Clarich v. State

Appellant takes the position that the evidence heard on the motion for new trial makes no issue on the question of the misconduct of the jury. In view of his contention we have again carefully gone over all of the testimony presented on the hearing of the motion for new trial. We are unable to agree that no issue of fact was raised by such evidence. The trial court decided it in favor of the State. The rule controlling is stated very clearly in Day v. State, 120 Tex.Crim. R.,48 S.W.2d 266, as follows: "In cases where, as in the present instance, the evidence heard on the motion for new trial is conflicting as to the existence of the fact or circumstance upon which the claim of misconduct of the jury is founded, the decision of the trial judge is conclusive upon this Court unless from the record it is apparent that the trial judge was clearly wrong. Such is the rule that has prevailed since the beginning of our jurisprudence. Obviously, there is no other guide when the matter comes before the appellate court. The finding of the judge on conflicting evidence is analogous to the verdict of the jury upon the testimony. In each instance the result is binding on the court unless its unsoundness is demonstrated by the record." We are of opinion the evidence here makes proper the application of said rule. Nothing is observed which indicates any abuse of discretion on the part of the trial court.

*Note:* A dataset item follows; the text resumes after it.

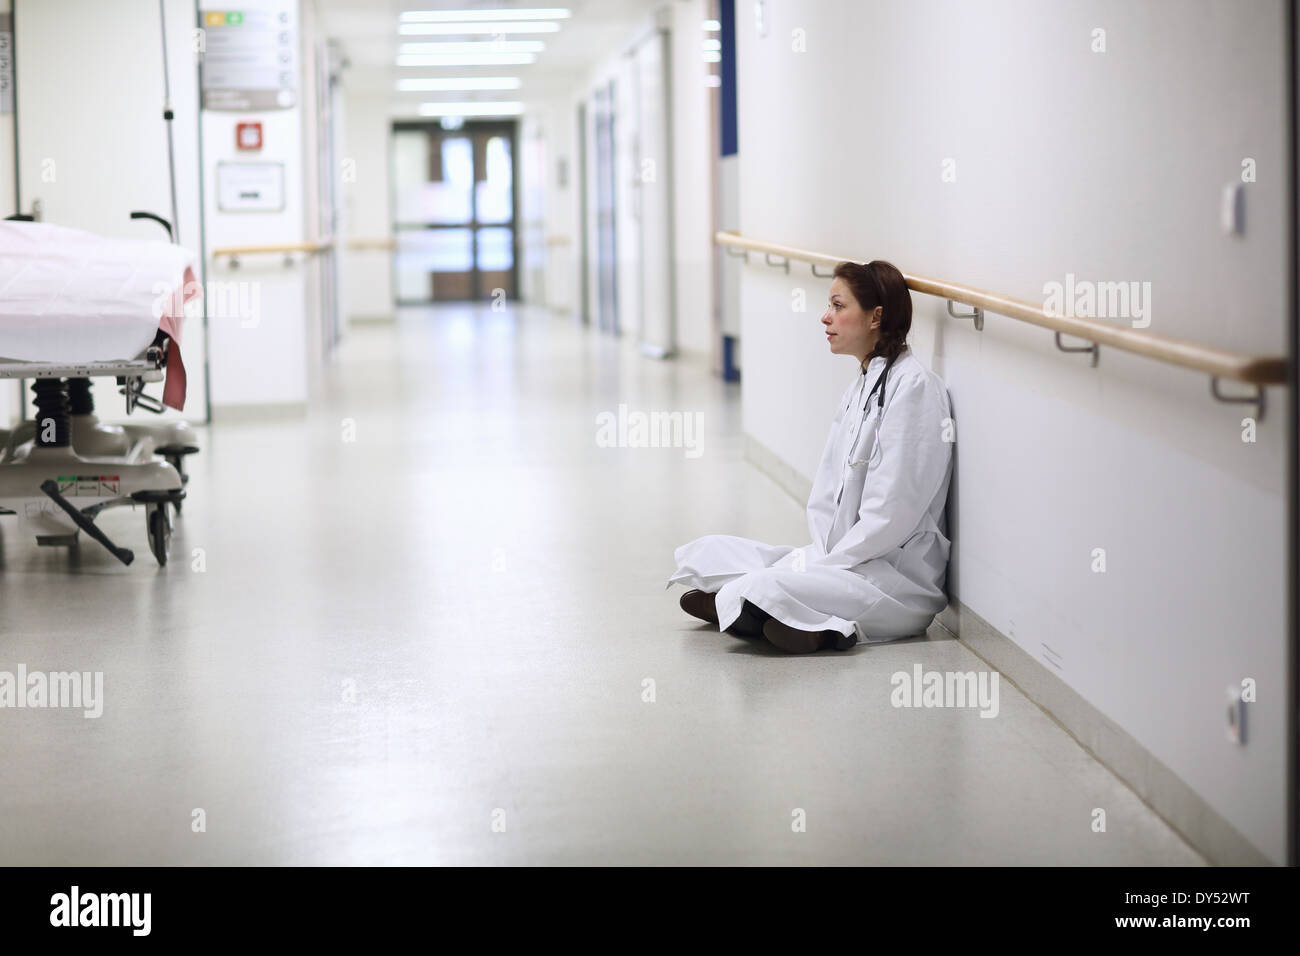 Female doctor sitting cross legged in hospital corridor Stock Photo

Appellant contends that bill of exception number two should be considered because he says the purported qualification to the bill by the court is in fact a contradiction thereof, and that under the authority of Cochrell v. State, 85 Tex. Crim. 326,211 S.W. 939, it is entitled to consideration. We are inclined to the view that the statement upon which appellant relies is out of harmony with the general rule that if appellant accepts and files a bill with a contradictory qualification he is nevertheless bound thereby. In view of the qualification it would not have been inappropriate for the trial judge to have refused the bill, but we apprehend he desired to apprise this Court that the incident complained of did occur but no exception was reserved thereto. When appellant accepted and filed the bill without exception to the qualification he became *Page 288 bound thereby. To support our present holding and that in our original opinion we cite the following cases, in which the qualification was in direct conflict with the bill, and in some of which cases opinions were written by the author of the Cockrell opinion (supra). Evans v. State, 132 Tex.Crim. R.,106 S.W.2d 299; Ralston v. State, 135 Tex.Crim. R.,109 S.W.2d 185; Powell v. State, 134 Tex.Crim. R., 114 S.W.2d 894; King v. State, 135 Tex.Crim. R.,121 S.W.2d 340; Dobbins v. State, 127 Tex.Crim. R., 76 S.W.2d 1057; LeFors v. State, 130 Tex.Crim. R., 94 S.W.2d 738; Yoakum v. State, 131 Tex.Crim. R., 97 S.W.2d 188; Blackerby v. State, 131 Tex.Crim. R., 101 S.W.2d 239; Barnett v. State, 123 Tex.Crim. R., 59 S.W.2d 389; Ray v. State, 116 Tex.Crim. R., 28 S.W.2d 1084; Wilhite v. State,116 Tex. Crim. 314, 27 S.W.2d 817; Jarman v. State,112 Tex. Crim. 239, 16 S.W.2d 130; Vardeman v. State, 106 Tex. Crim. 378,292 S.W. 546; Barnes v. State, 106 Tex.Crim. R.,292 S.W. 548; Smith v. State, 104 Tex.Crim. R.,286 S.W. 223; Walker v. State, 104 Tex.Crim. R., 282 S.W. 245; Brown v. State, 103 Tex.Crim. R., 281 S.W. 210; Hahn v. State, 101 Tex.Crim. R., 276 S.W. 287; Jones v. State,89 Tex. Crim. 6, 229 S.W. 865; Simmons v. State, 93 Tex.Crim. R.,248 S.W. 392; Stevens v. State, 68 Tex.Crim. R.,150 S.W. 944. We have been at some pains to cite authorities because the announcement in Cockrell's case (supra) is given some prominence in 4 Texas Jur., Sec. 192, p. 273. The general rule is stated correctly in Sec. 194.

Appellant renews complaint because the trial court refused his special requested charge number one. While said instruction was refused we observe that the trial judge adopted same and incorporated it in his main charge largely using the same language employed in the requested instruction, and generally following the very wording of the special charge. Hence, no error resulted to appellant in refusing to give the instruction in the form of a requested charge.